The invention provides a method, a related memory medium and an apparatus for implementing and performing a contrast-based dynamic range management (C-DRM) algorithm, to compress input image data of a broad dynamic range of intensities to a reduced dynamic range (e.g., 256 levels) of an available display device, by managing the image""s mean (low frequency) and contrast (high-frequency) content, separately and directly. A BOXCAR (moving average) device takes an intensity image, as input, and produces an output image in which the intensity of each pixel represents the local mean intensity of the input image. In a first processing path, a local mean estimate of the intensity of a pixel of the input image is processed by a mean modification function to produce a modified local mean intensity of the pixel. In a second path, independent of the first path, the intensity of the corresponding pixel is processed in relation to the local mean estimate thereof to produce a contrast estimate, the local mean estimate is processed with a contrast modification function to produce a result. The result then is combined with the contrast estimate to produce a modified contrast estimate which then is combined with the modified local mean to produce a modified output intensity for the corresponding pixel in the reduced intensity dynamic range.

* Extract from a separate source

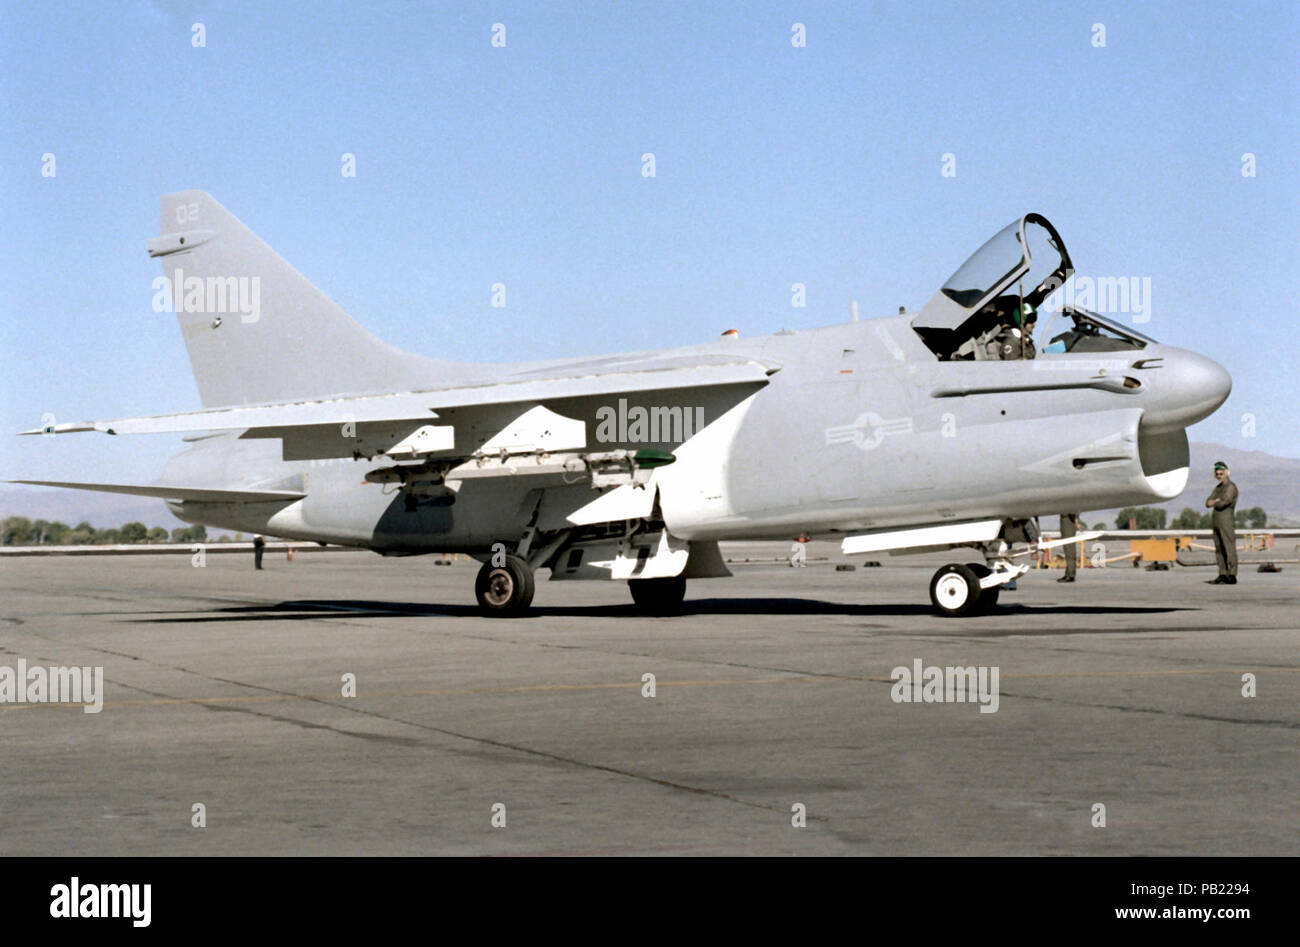 A-7B VA-305 Fallon 1981. A right side view of a Naval Air Reserve Attack Squadron 305 (VA-305) A-7 Corsair II aircraft as it prepares for take-off during the unit's active duty training. Stock Photo
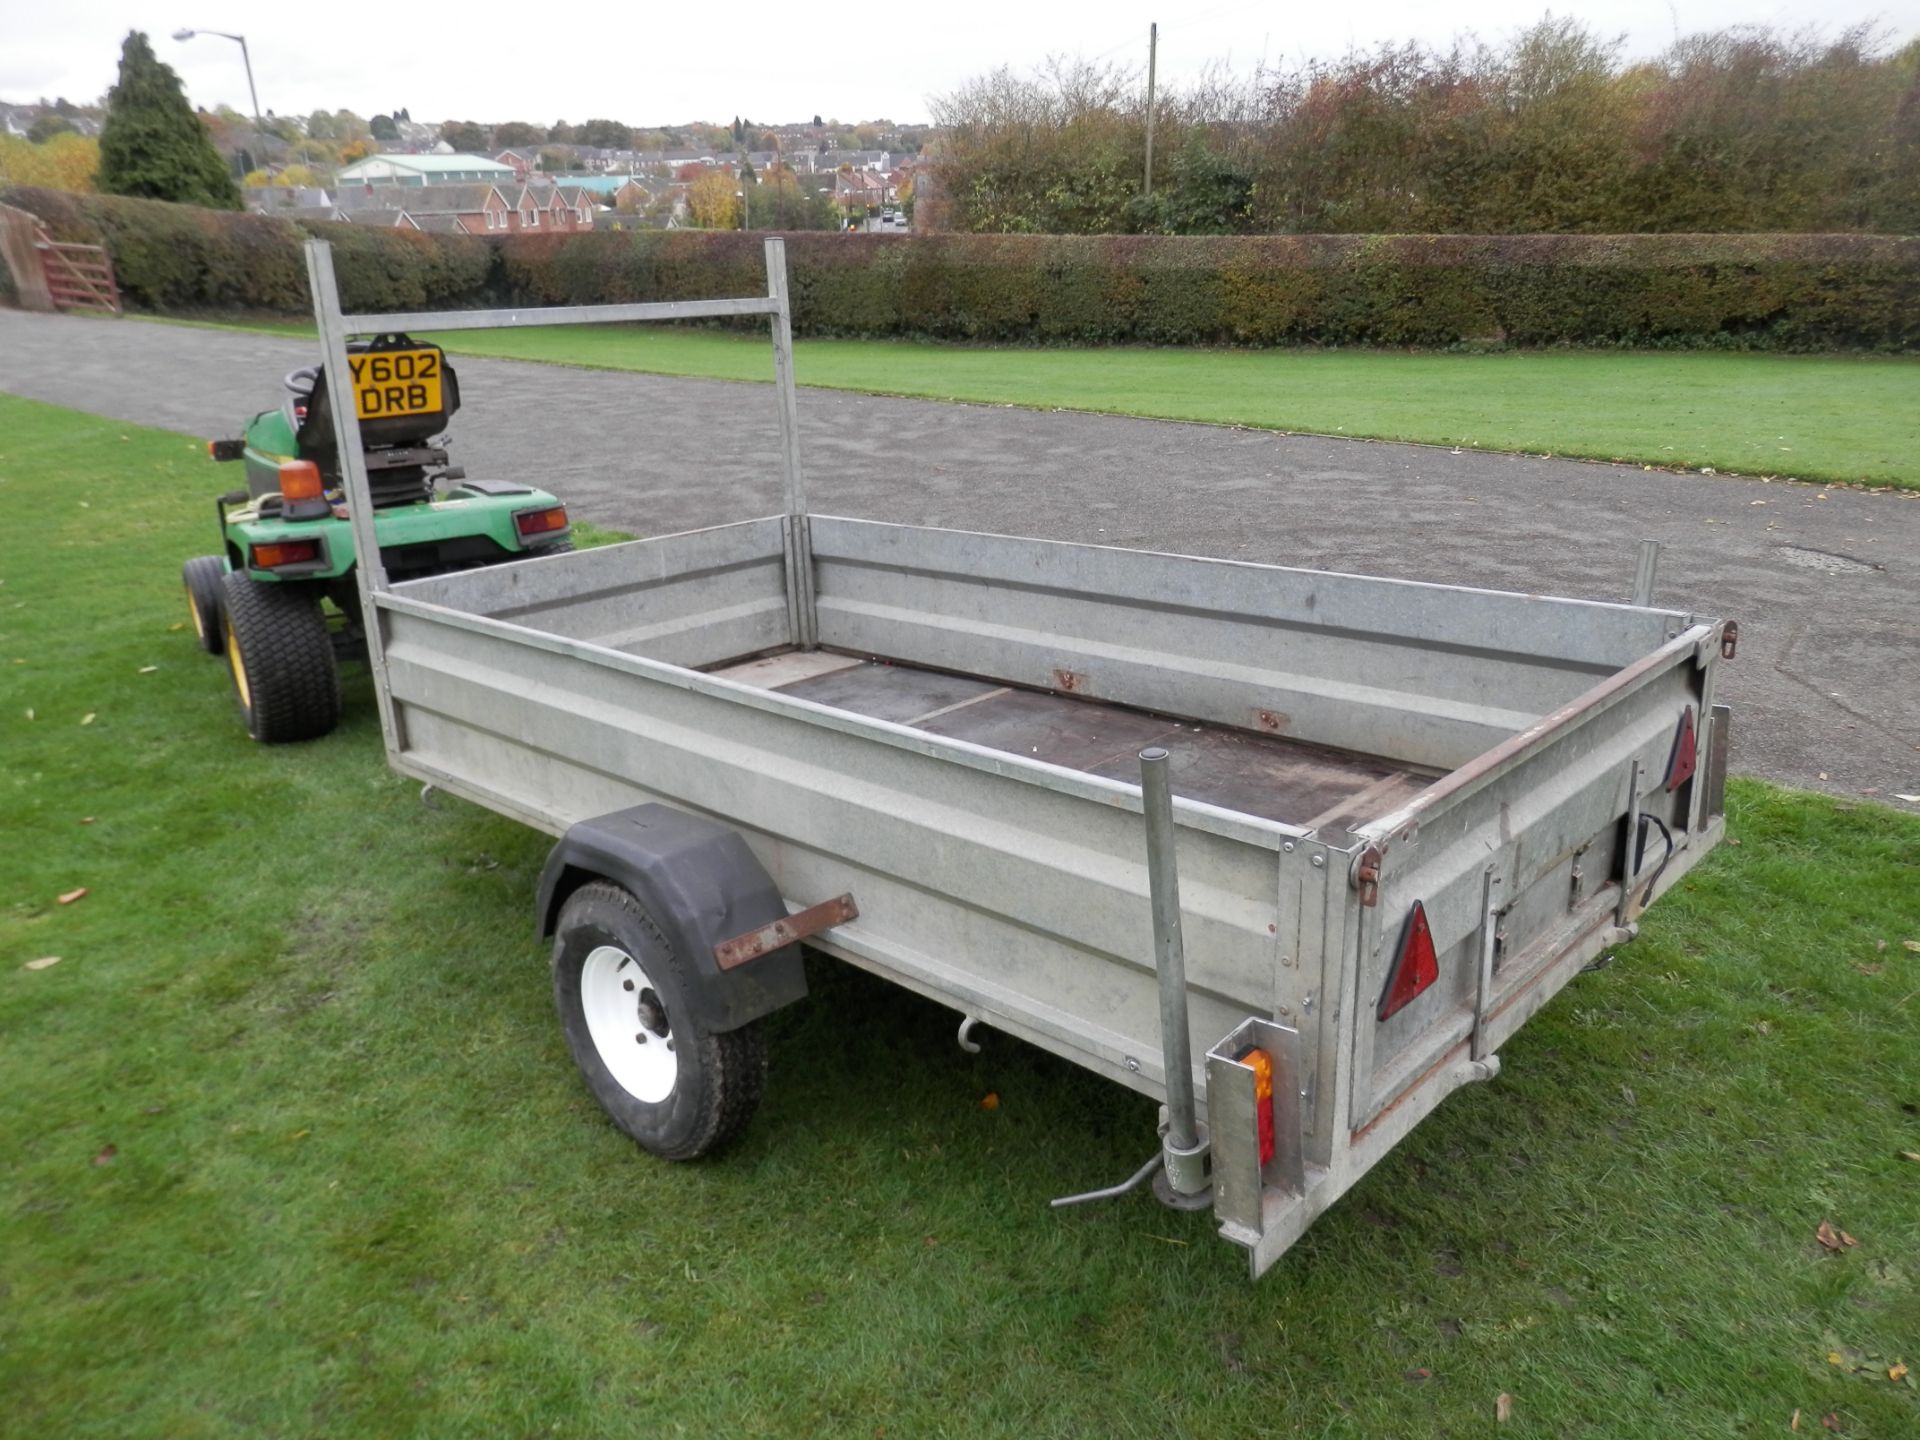 GOOD SOLID 8 X 4' GALVANIZED TRAILER, 1.5 TONNE. DROP REAR FOR EASY LOADING. - Image 6 of 9

While a BOXCAR moving average is used in the disclosed embodiments herein, the specific method used for computing the local mean estimate is not essential to the C-DRM processing.
In a further embodiment, C-DRM is implemented so as to be adaptive and thereby to follow variations in image intensities while panning, but without causing flicker or delay modifications in the resulting display. In yet further embodiments, function modification of contrast and of mean is implemented by respective multiple look-up tables (LUTs), the specific table for each being selected, based on a maximum intensity value for the image as a whole. However, the use of multiple LUTs for adaptive range compression is not essential to the central concept herein of separately and directly managing mean and contrast components of the image data.